Schützenfest Lübbenau (Ende Juni / Anfang Juli)

(Die Fastnacht sorbisch : zapust)
Sie wird im Januar und Februar gefeiert, um dem Winter zu vertreiben. Es beginnt mit dem Zampern, einem Heischgang von Haustür zu Haustür, wird mit der Jugendfastnacht und dem Umzug in sorbischer Festtagstracht und der Männerfastnacht - für Verheiratete - fortgesetzt.
Spreewaldfest Lübbenau
(jeweils das 2. Wochenende im September)
Das Spreewaldfest erfreut sich seit 1973 einer wachsenden Beliebtheit. Höhepunkt des Festes ist der Festumzug auf dem Wasser – der Kahncorso - mit über 40 reich geschmückten Spreewaldkähnen, wo jeder Kahn sein eigenes Thema hat.
Osterfeuer, Osterwasserschöpfen und Waleien
Die Osterbräuche in der Niederlausitz sind vielfältig. Traditionsgemäß werden in den sorbischen Gebieten die Ostereier mit der Wachsmaltechnik zu kleinen Kunstwerken gestaltet. Am Ostersonntag rollen die Kinder die Ostereier einen selbstgebauten kleinen Sandwall, die Waleie hinunter und jeder versucht, das Ei des Anderen zu treffen. Dabei geht es meist um einen Glückspfennig oder um ein Osterei.
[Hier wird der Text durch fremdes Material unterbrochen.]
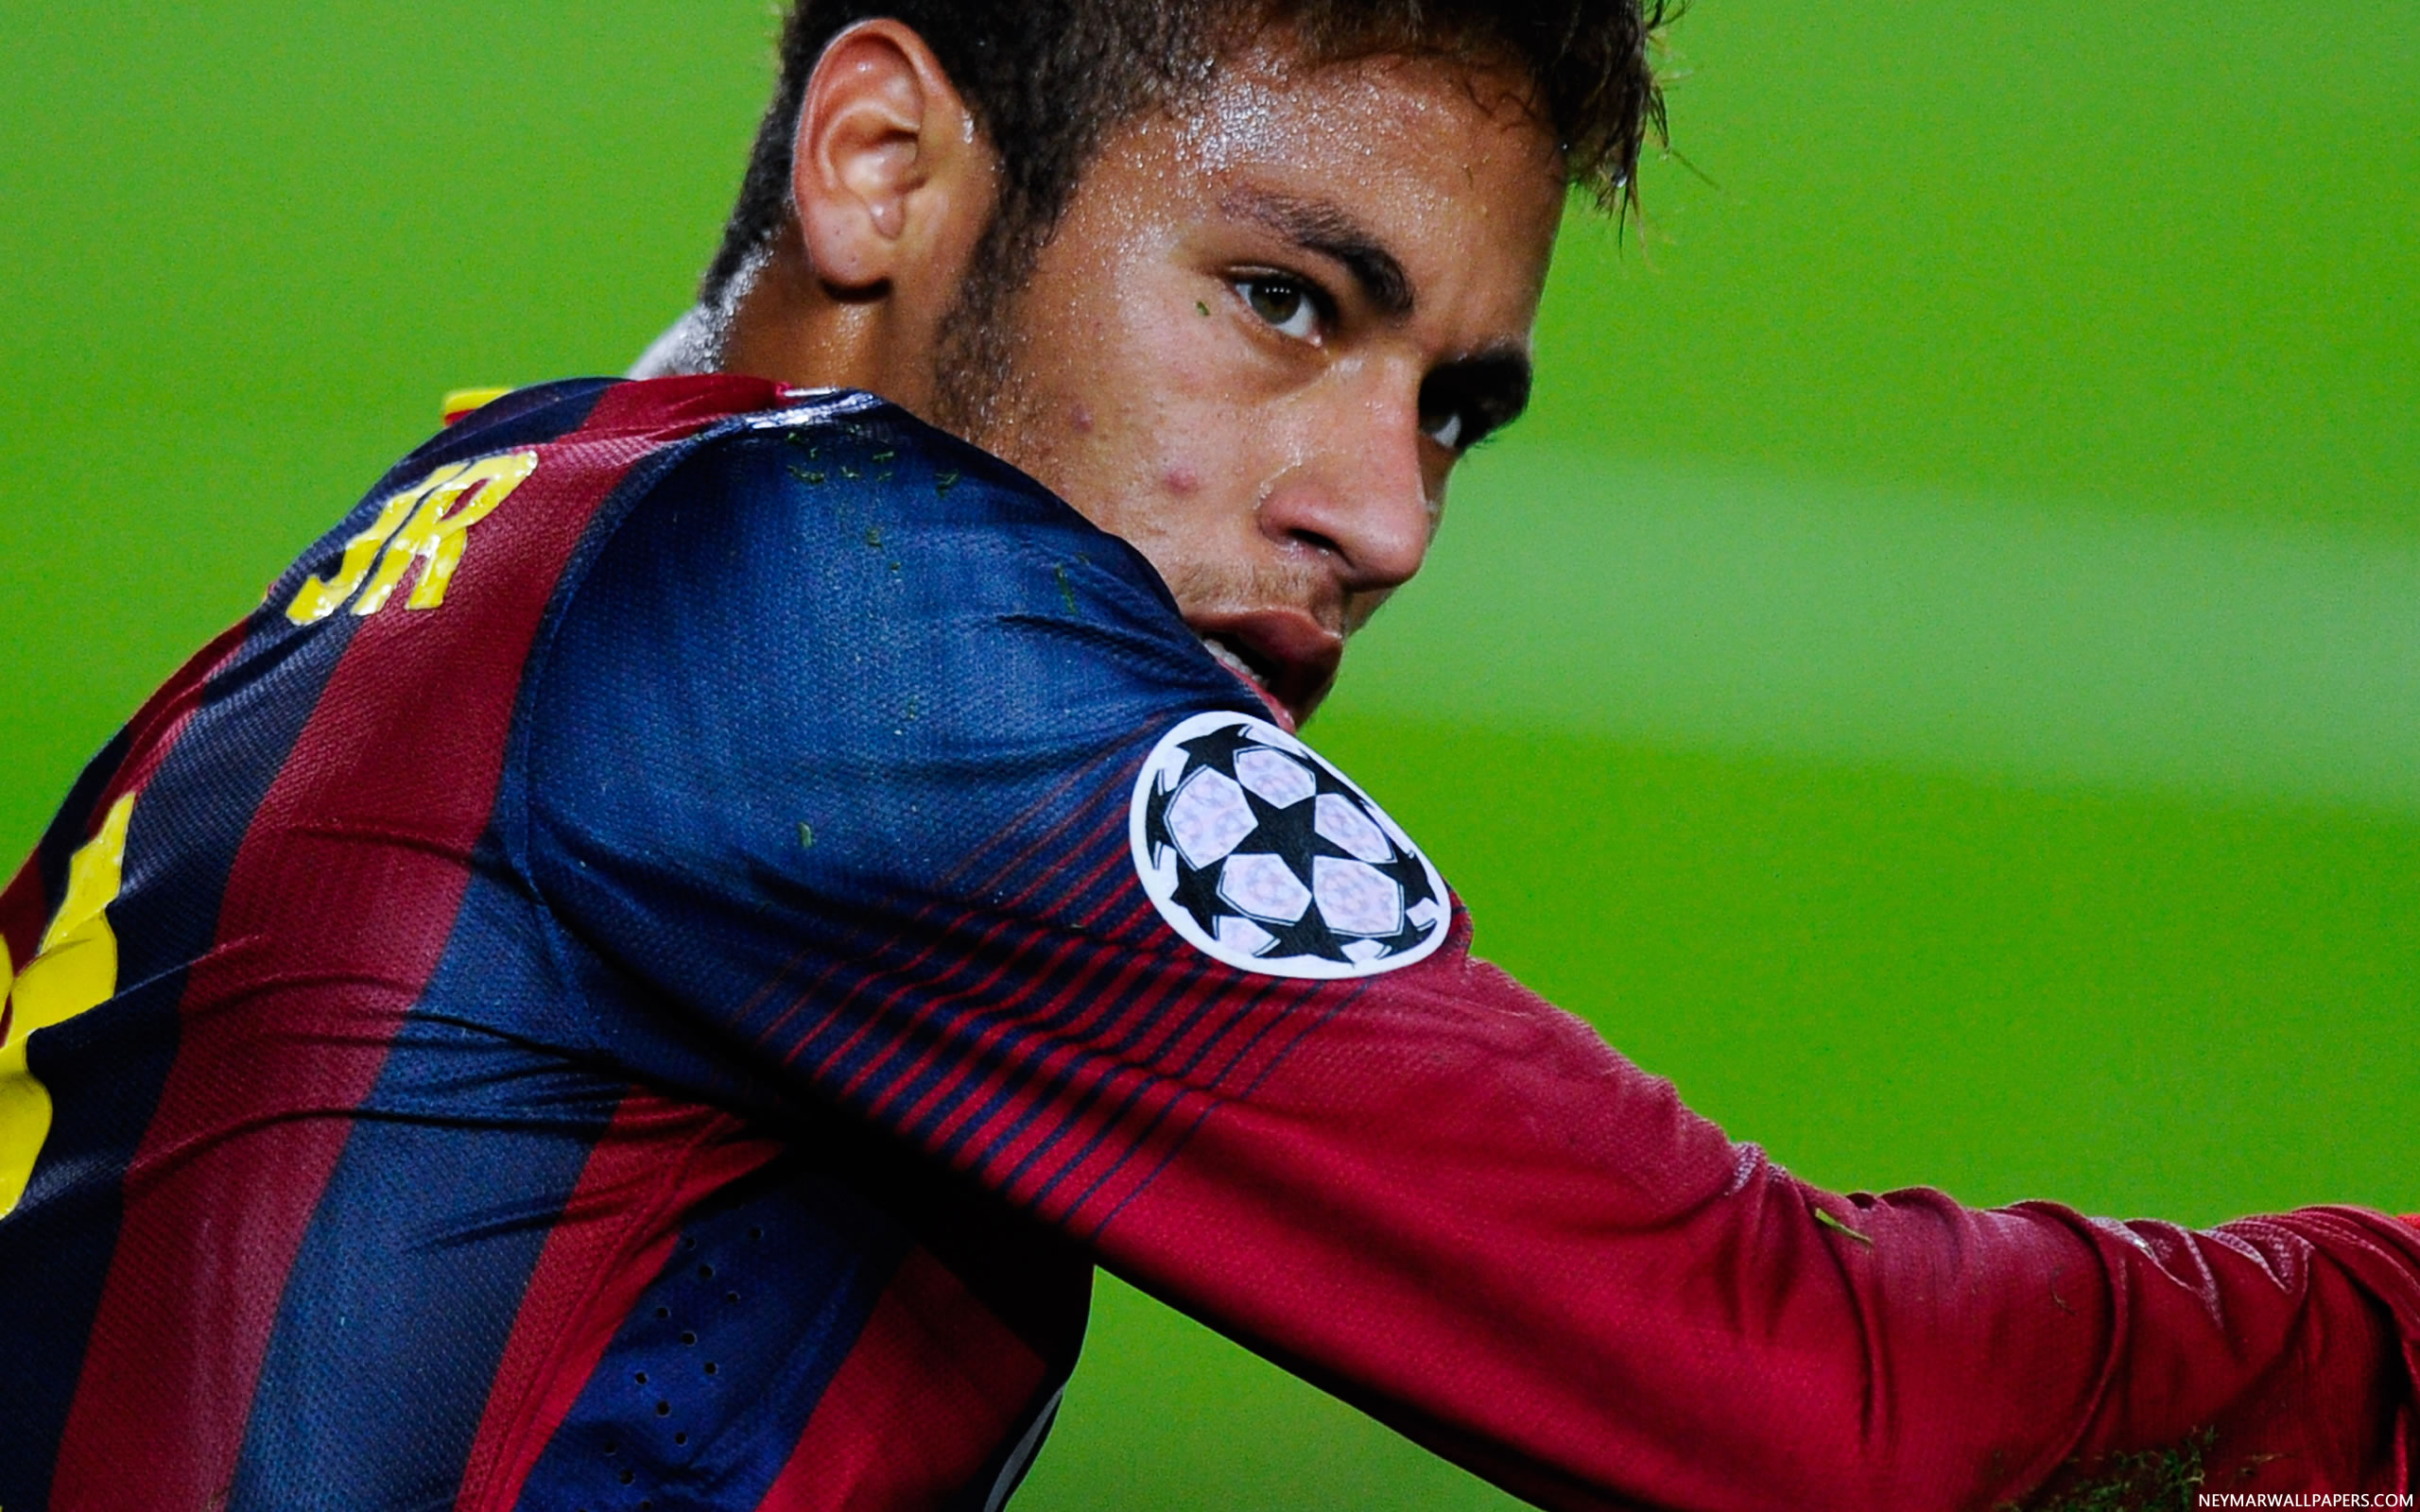 Neymar on grass Barcelona wallpaper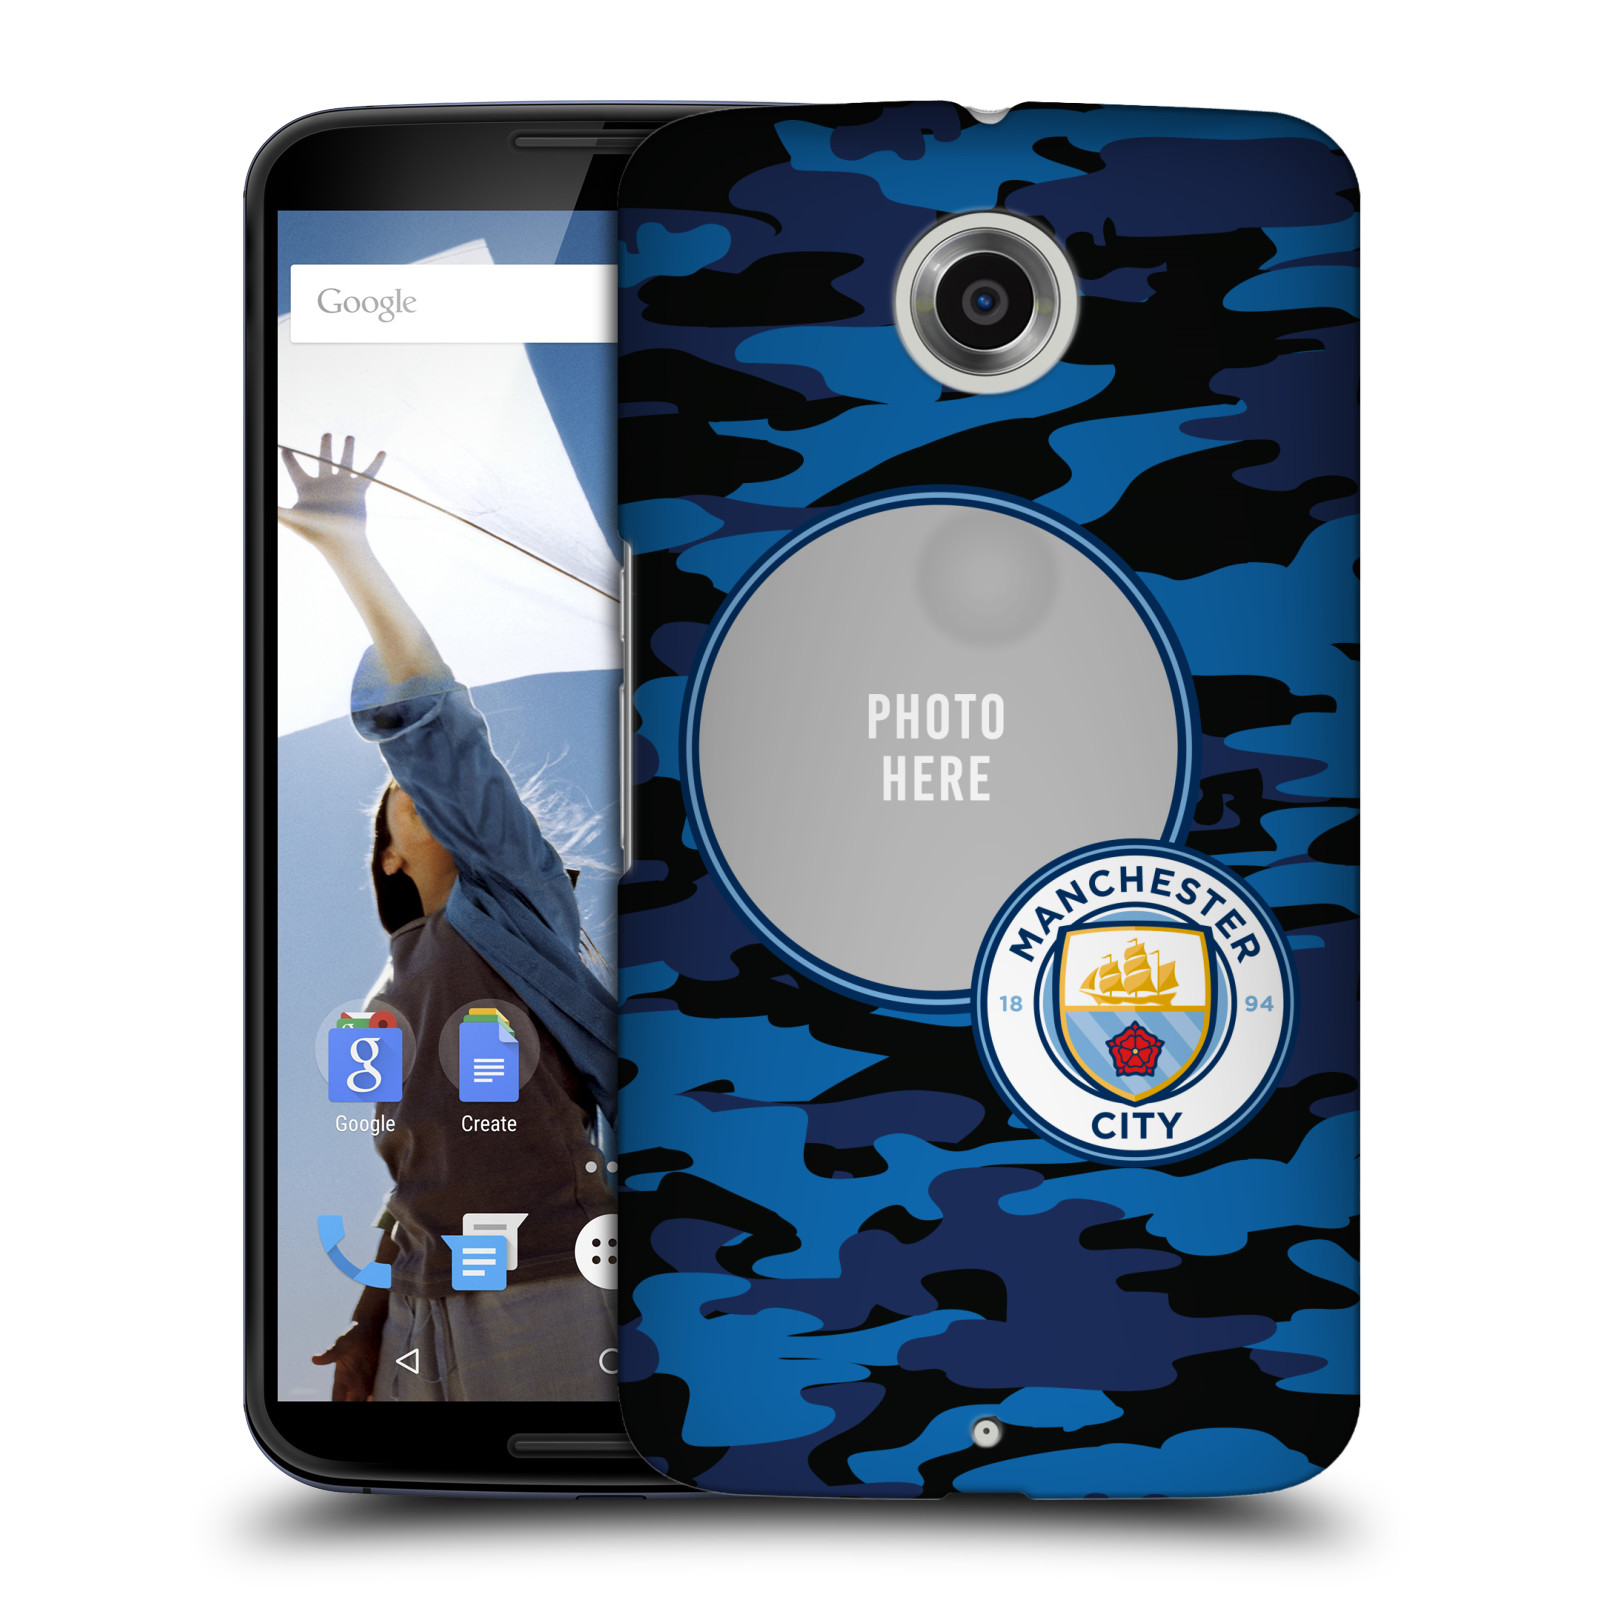 CUSTOM-MANCHESTER-CITY-FC-2017-18-KIT-E-LOGO-COVER-RETRO-PER-MOTOROLA-TELEFONI-2

Hahnrupfen und Stollenreiten (Herbst )
Das sind Traditionen zum Erntefest. Hierbei geht es zumeist um den Hahn als Zeichen der Fruchtbarkeit. Seine Kraft ist verbraucht, er muss beseitigt werden, um das neue Jahr wieder fruchtbar zu machen und neue Kraft wachsen zu lassen. Der tote Hahn (Kokot) hängt an einem hohen eichenlaubumwundenen Tor. Die Jungen galoppieren zu Pferd hindurch und versuchen, den Kopf abzureißen. Wer ihn erbeutet wird König (kral).
Maibaumaufstellen (sorb : maju Stajas)
Am Vorabend des 1. Mai wird von der Jugend des Dorfes der Maibaum aufgestellt, meist eine Fichte oder Tanne, deren Spitze mit einer grünenden Birke und Kränzen und Bändern geschmückt Mancherorts ist dieser Baum hart umkämpft und muss von der Jugend mit einem Maifeuer eine Nacht lang bewacht werden. Ende Mai oder um die Pfingstzeit - wird der Maibaum "geworfen" und ein Maikönig gekürt.